Parecidas, porém diferentes
Belo Horizonte (MG) e Fortaleza (CE) são capitais com um número de habitantes (2,5 e 2,6 milhões) e uma área (314 e 330 km²) semelhantes, mas muito distintas no tema da Política da Bicicleta.
Na capital mineira, até o início deste ano, ciclovias, ciclofaixas e ciclorrotas estavam próximas de apenas 11% da população total. Destas, 9% são pessoas com renda de zero a meio salário mínimo (até R$ 543,92) e 10% de meio a um salário mínimo (até R$ 1.087,85), de acordo com o ITDP Brasil.

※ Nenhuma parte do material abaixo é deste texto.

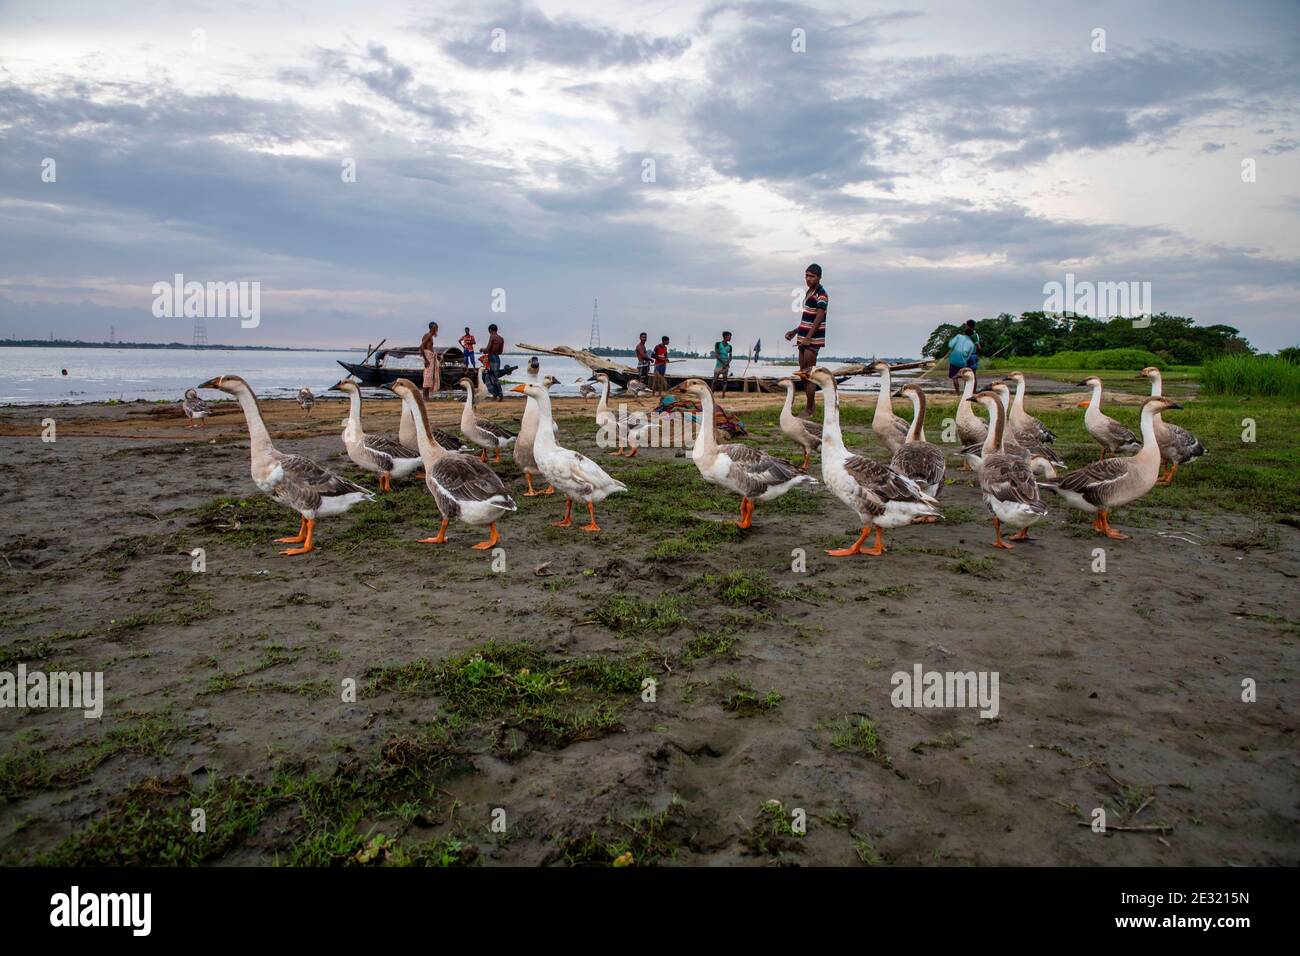 Un gregge di cigni sulla riva del fiume Meghna, Bangladesh. Foto Stock

A malha cicloviária de BH é pequena e desconectada. São quase 90 quilômetros de infraestrutura permanente, segundo dados oficiais da Empresa de Transportes e Trânsito de Belo Horizonte (BHtrans) – embora tenham sido constatados apenas 76 quilômetros por meio do IdeCiclo (Índice de Desenvolvimento de Estrutura Cicloviária) aplicado pela Associação dos Ciclistas Urbanos de Belo Horizonte (BH em Ciclo).
“O grande aspecto é o baixo percentual de infraestrutura se comparado com a malha viária da cidade. Se conseguíssemos incluir os grandes corredores e os quilômetros de rios, por exemplo, teríamos uma malha muito maior, o que aumentaria o PNB em qualquer um dos recortes [de renda, de gênero, de raça]. Principalmente nos de renda, pois boa parte desses rios estão em periferias”, avalia Guilherme Tampieri, integrante do Observatório das Metrópoles, núcleo RMBH para o tema mobilidade. “A nossa rede é pouco capilarizada. É óbvio que daqui até o dia em que ela for concluída fará sentido, mas a opção por fazer ciclovias espaçadas na cidade é um fator que ajuda a manter nosso PNB baixo”.
A respeito da distribuição espaçada de infraestrutura pelas regionais, a BHTrans diz que irá, gradativamente, conectá-las. “Poderíamos ter implantado a atual malha cicloviária já toda conectada em algumas regionais, como a centro-sul com a leste e Pampulha com a noroeste. Contudo, outras regionais não teriam ciclovias. Essa distribuição amplia para que todos, em todas as regionais da capital, possam começar a atualizar a malha cicloviária”, afirmou a empresa.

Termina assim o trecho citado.